Segment Start: MATERIALS PROVIDED
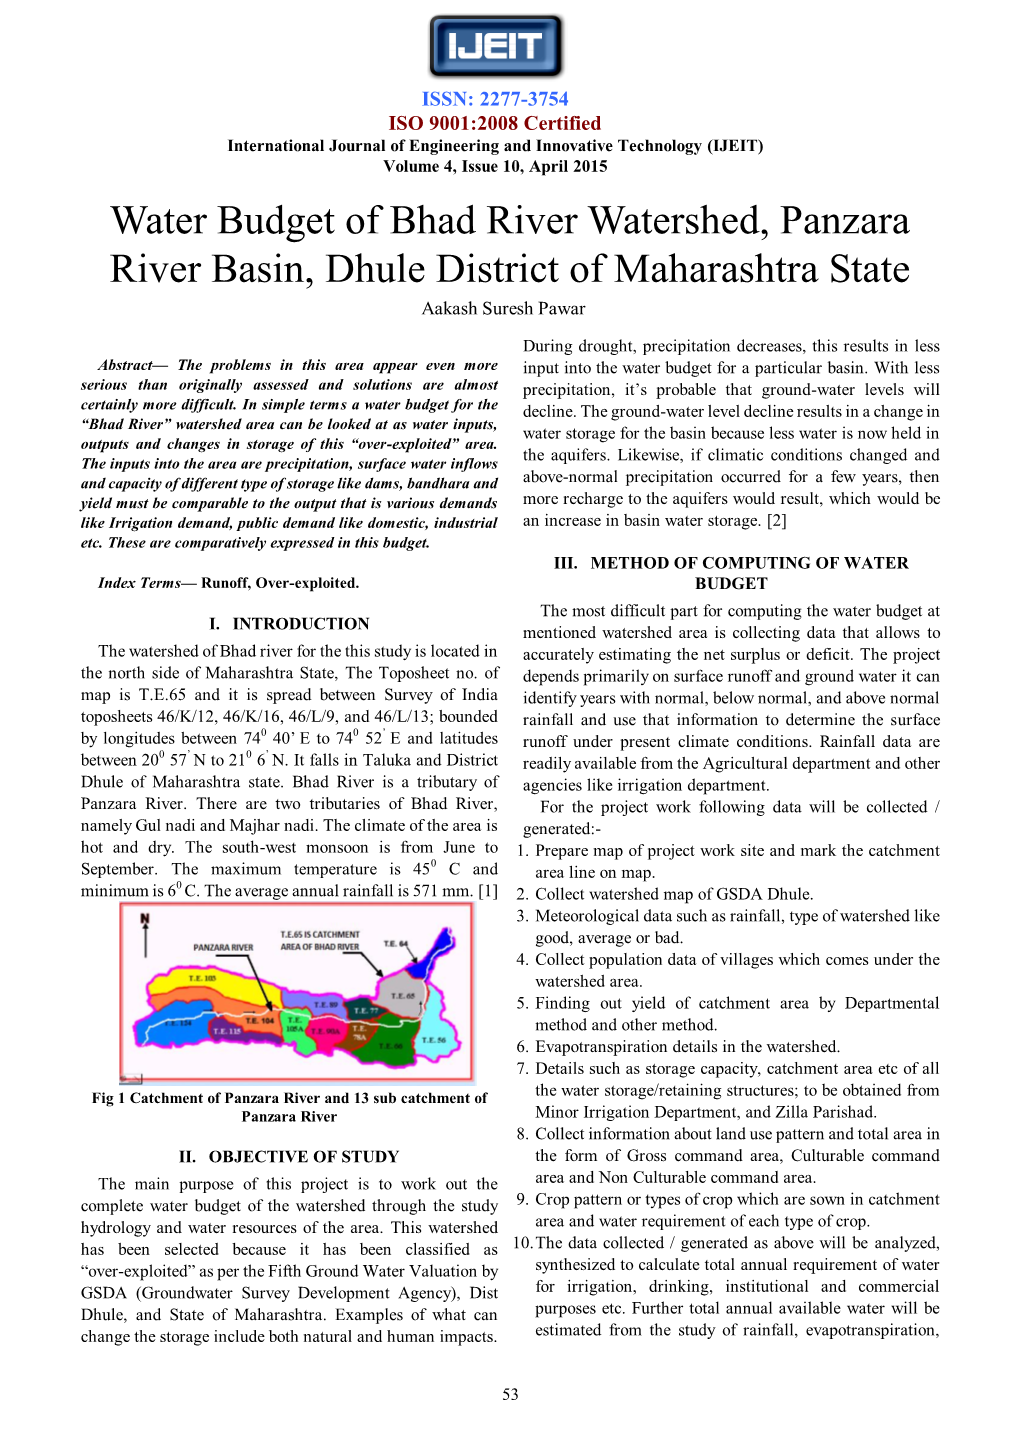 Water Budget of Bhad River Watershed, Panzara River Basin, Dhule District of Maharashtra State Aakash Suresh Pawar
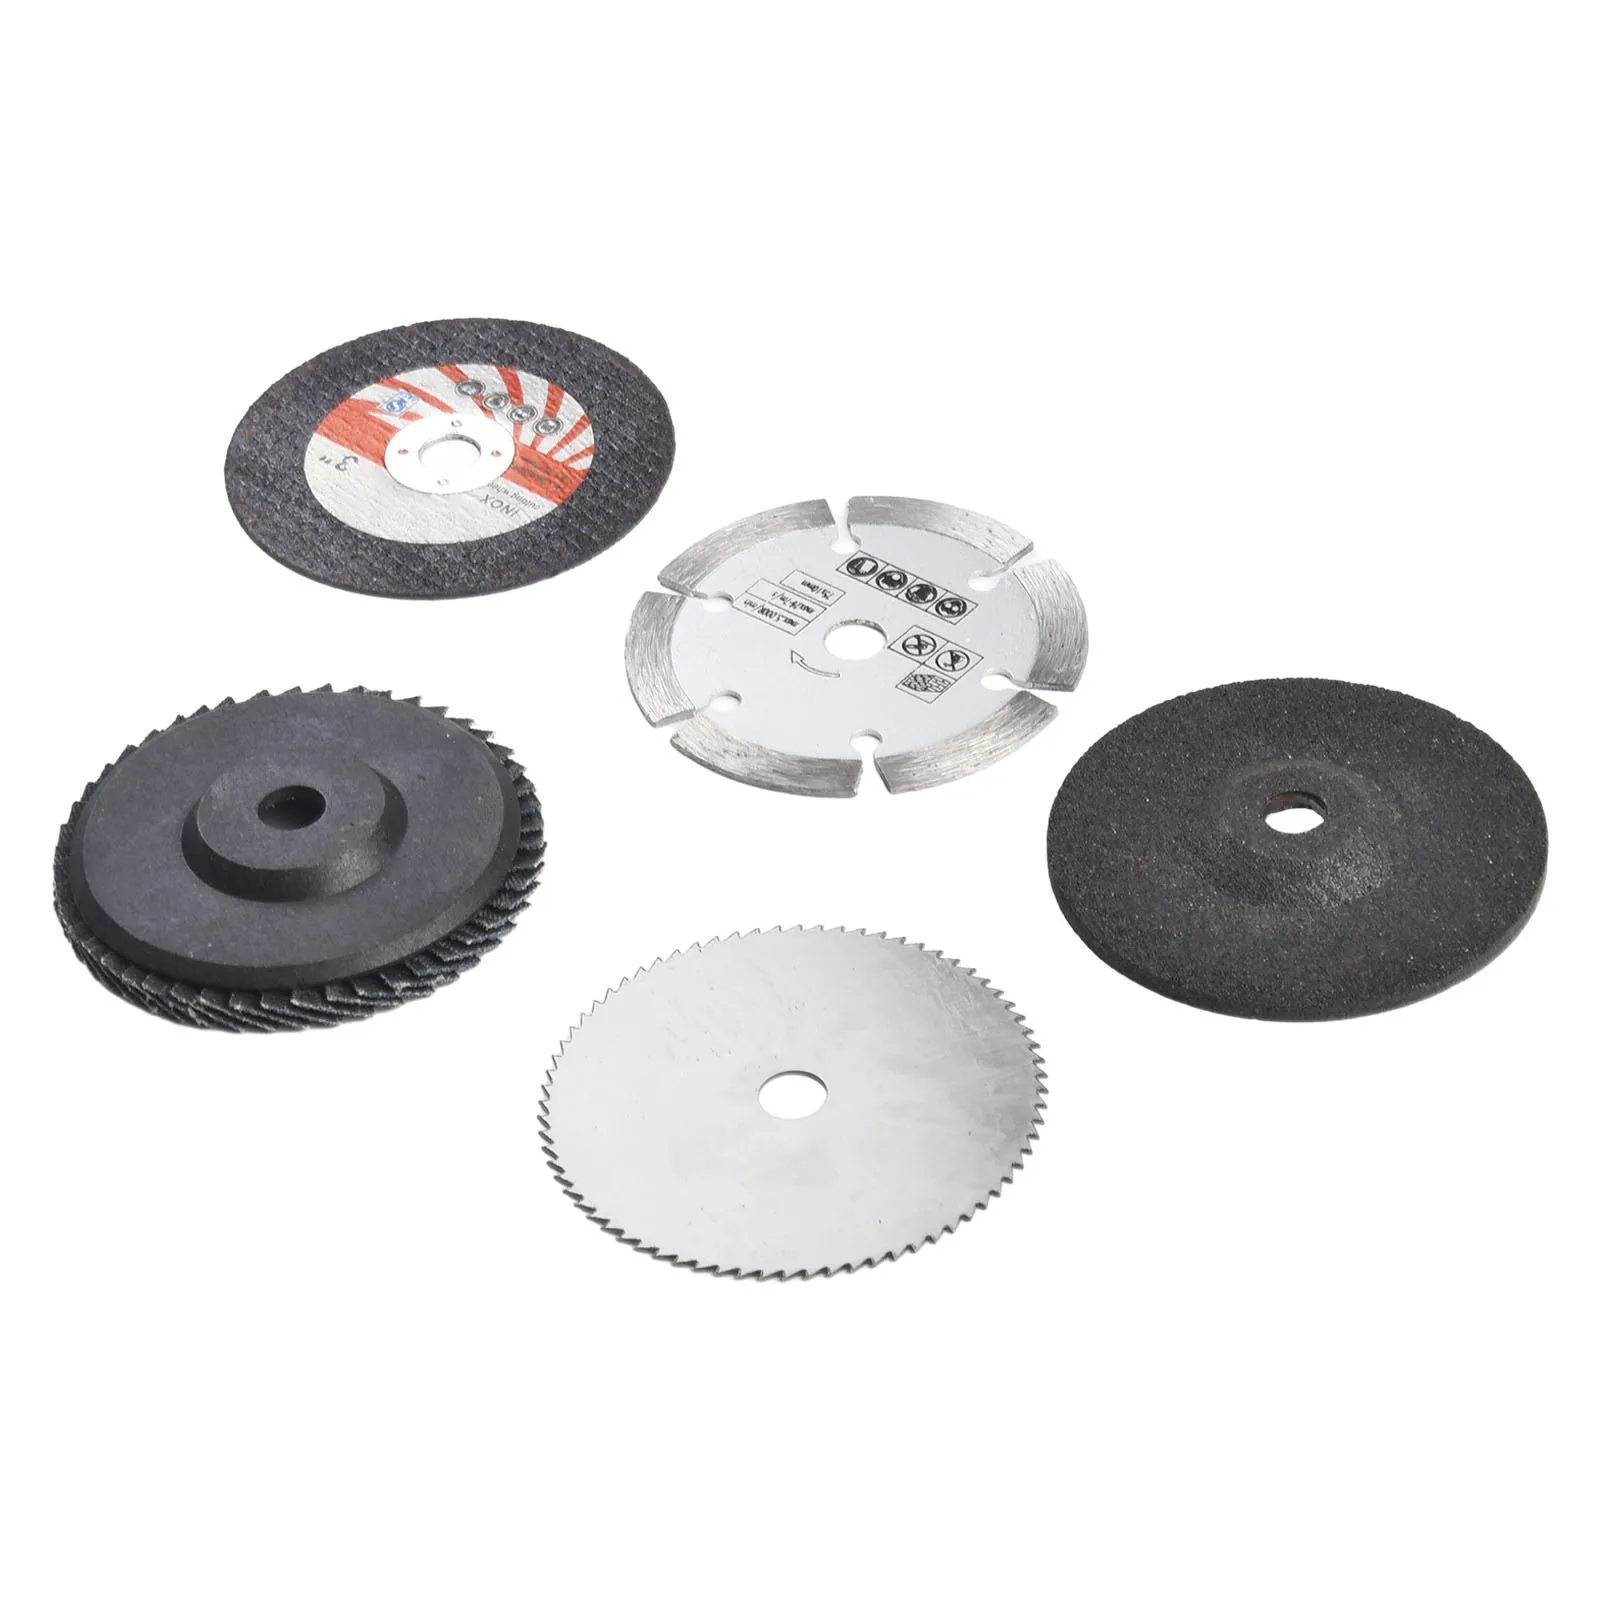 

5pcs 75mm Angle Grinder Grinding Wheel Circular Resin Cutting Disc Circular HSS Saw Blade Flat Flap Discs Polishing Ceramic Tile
Segment End: MATERIALS PROVIDED
Segment Start: MATERIALS PROVIDED
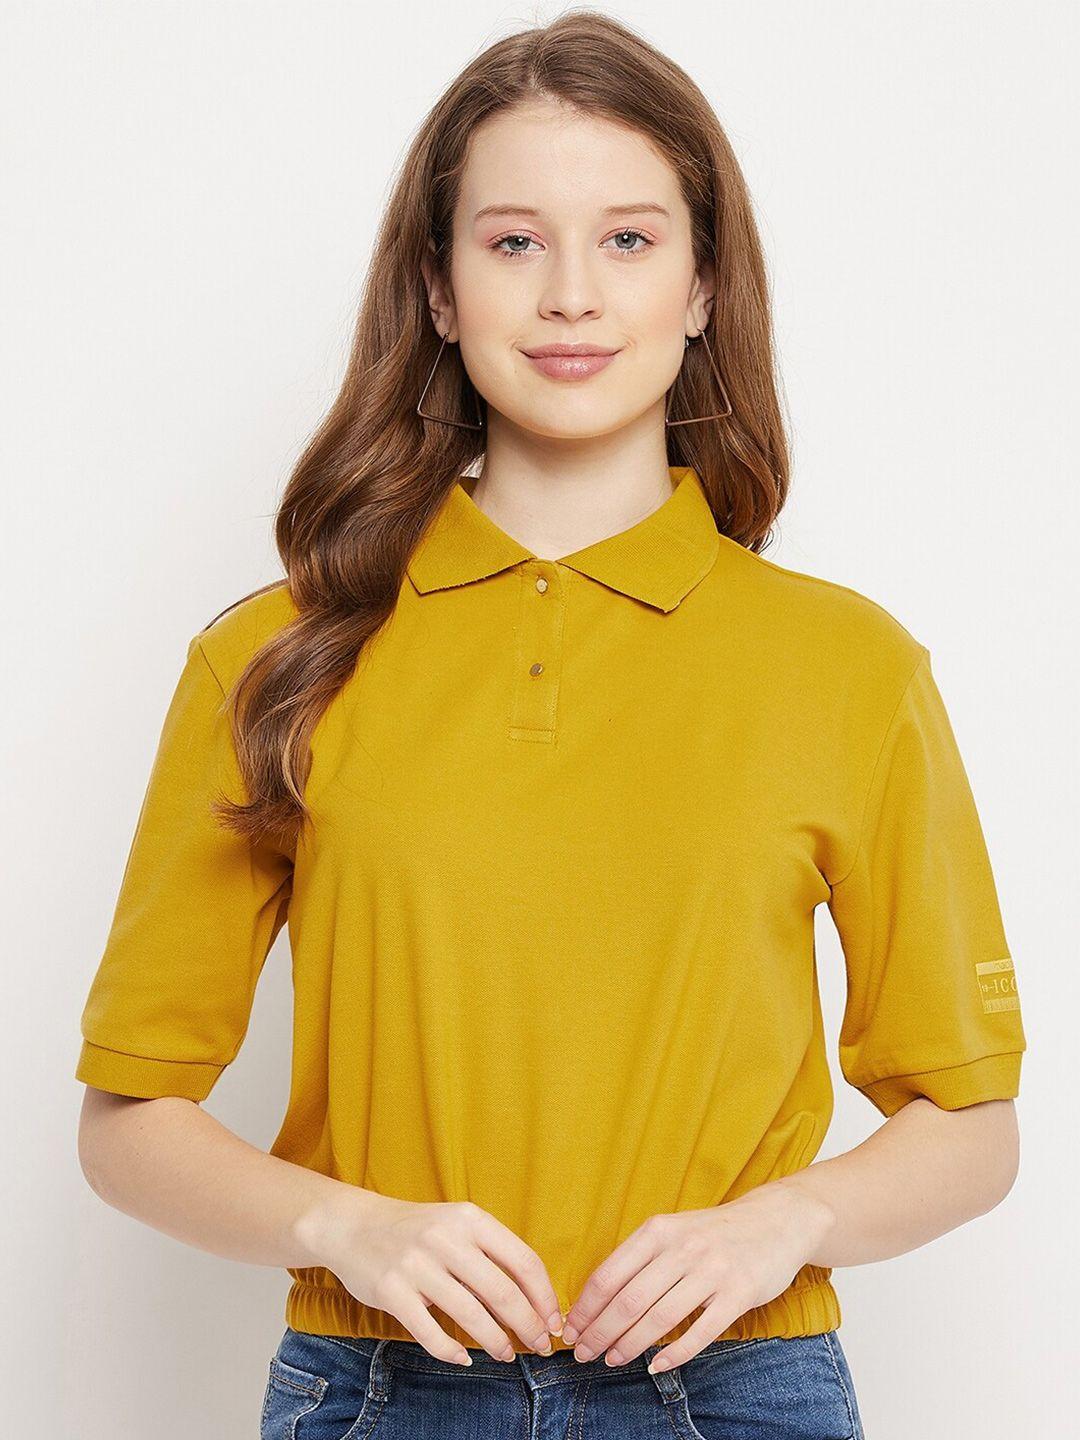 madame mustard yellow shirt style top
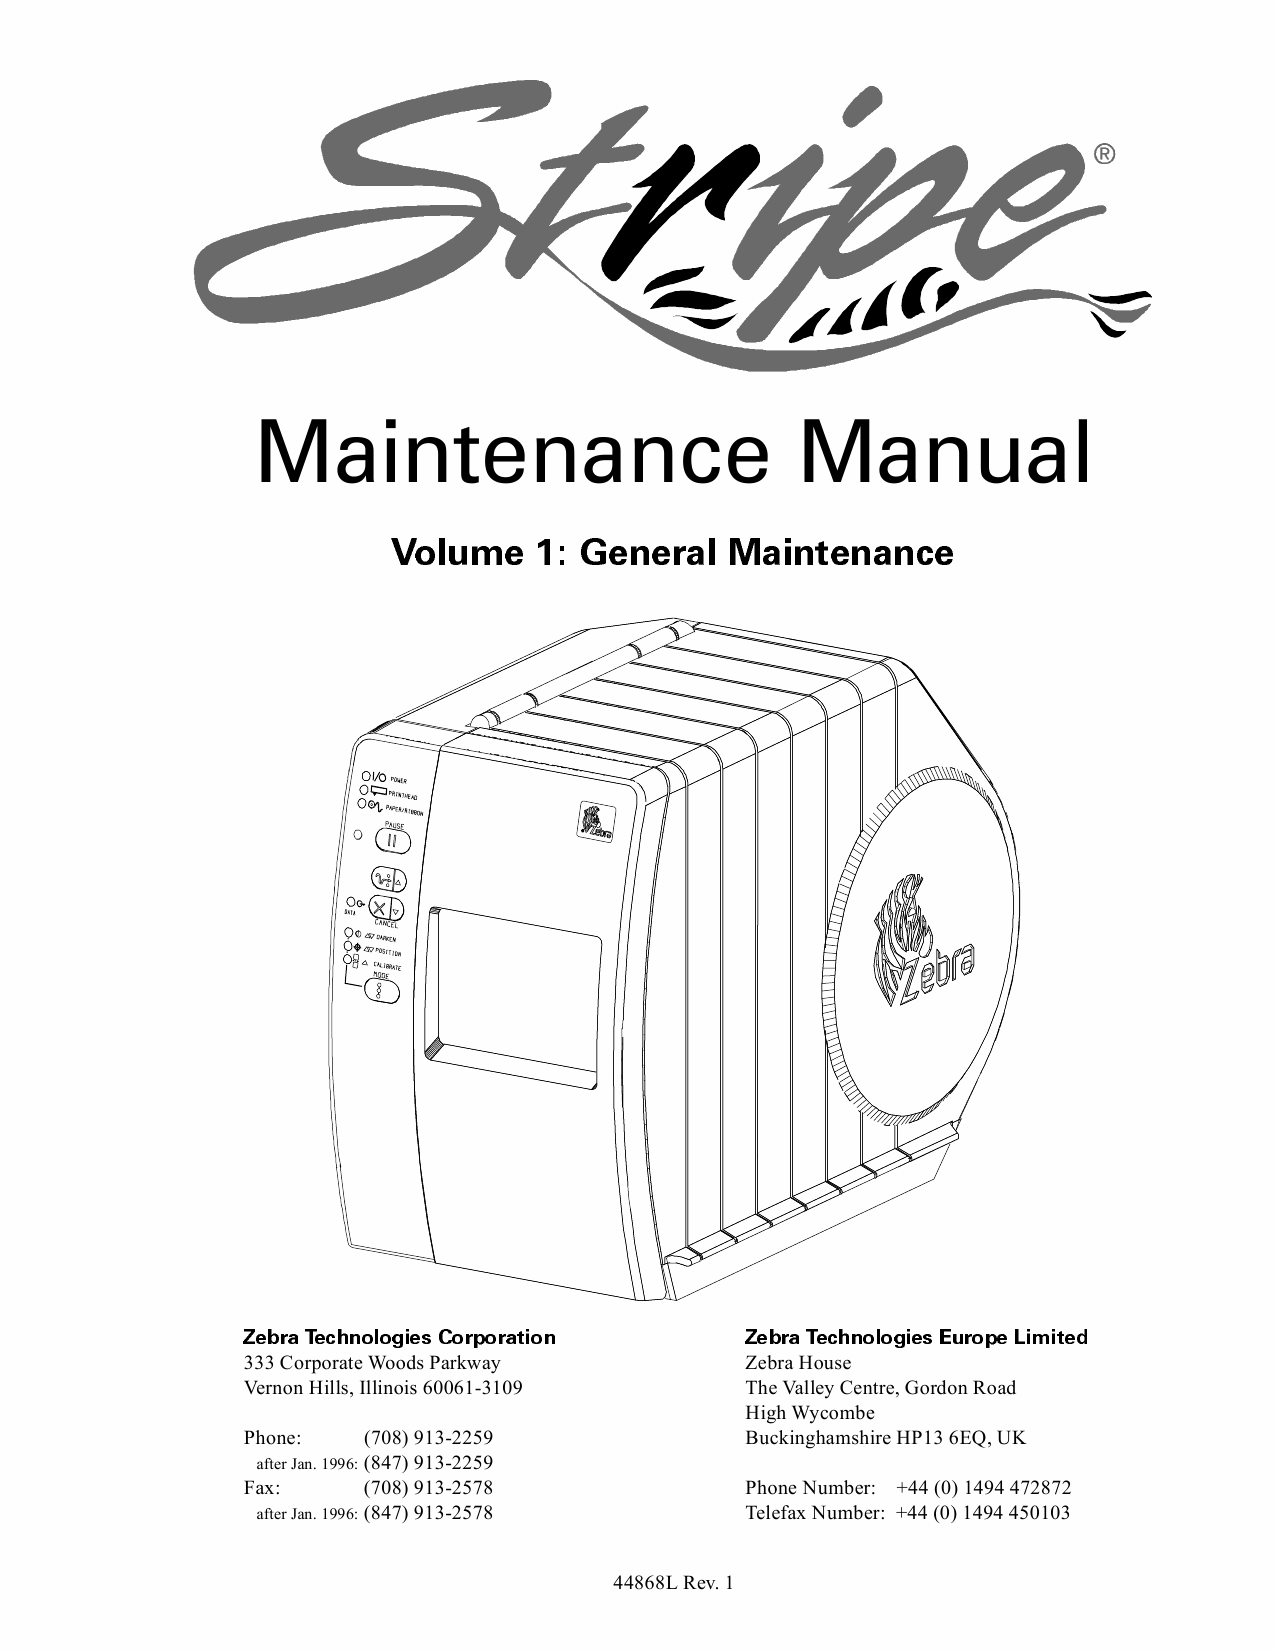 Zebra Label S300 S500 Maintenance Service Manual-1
Segment End: MATERIALS PROVIDED
Segment Start: MATERIALS PROVIDED
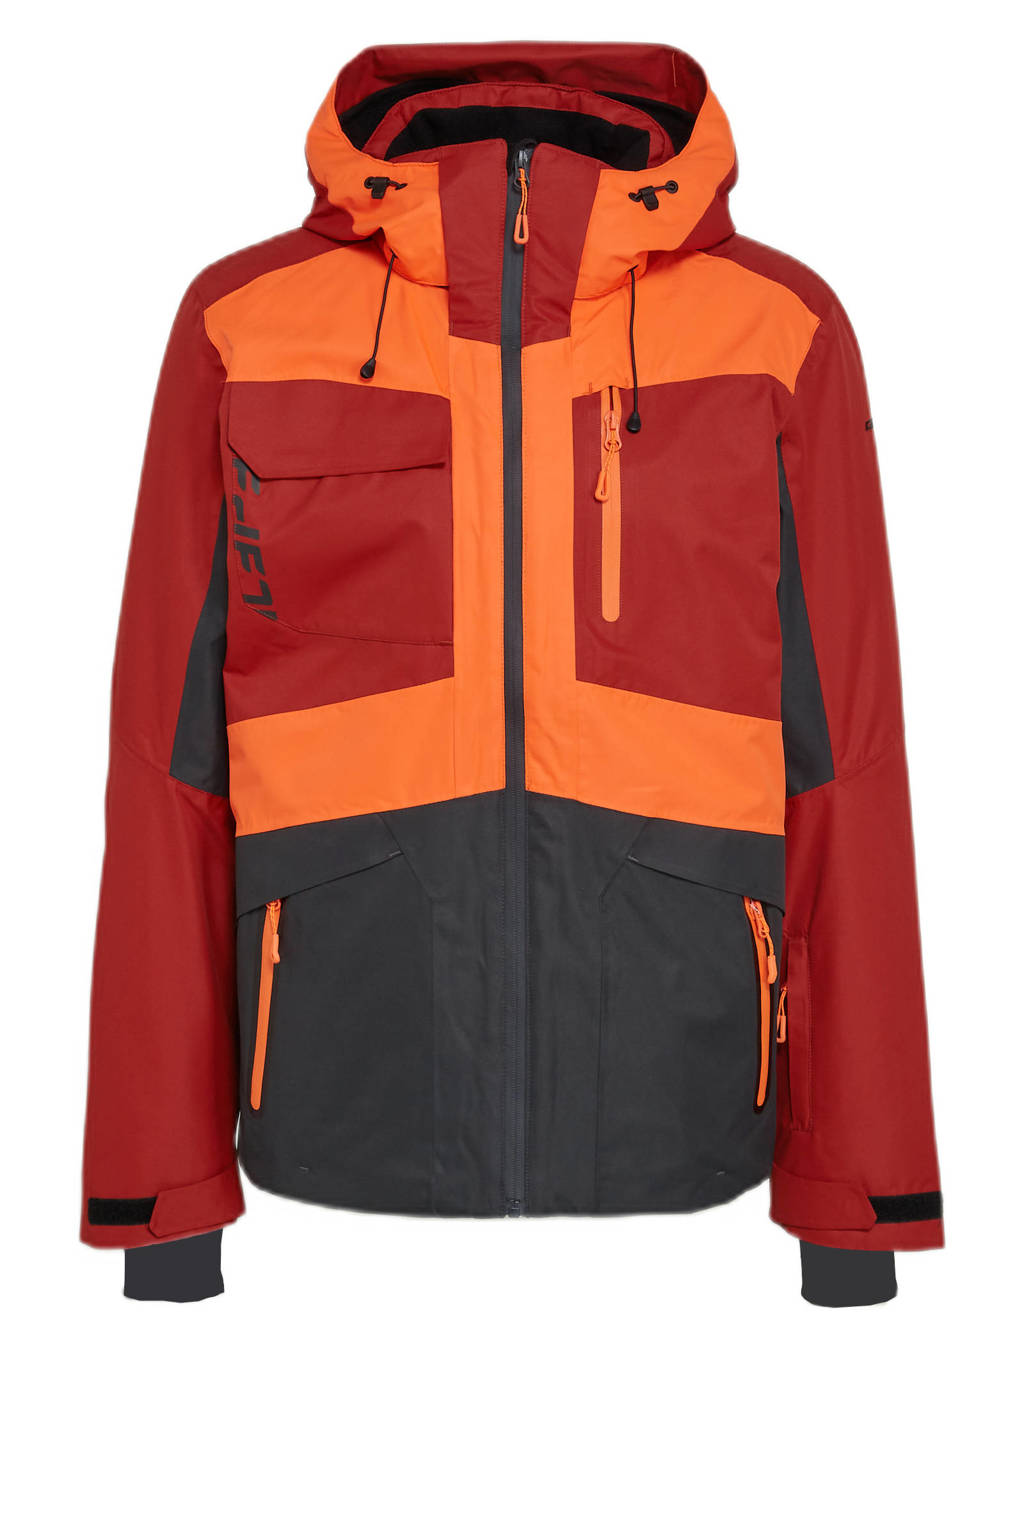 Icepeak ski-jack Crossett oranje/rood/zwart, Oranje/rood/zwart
Segment End: MATERIALS PROVIDED
■ WHAT IS REQUIRED ■
Pictures excluded, reproduce only the part above that opens with the line holding "madame mustard yellow shirt style top" and closes with the line holding "Zebra Label S300", exactly as written.

■ OUTPUT FOR THIS EXERCISE ■
 madame mustard yellow shirt style top
 Zebra Label S300 S500 Maintenance Service Manual-1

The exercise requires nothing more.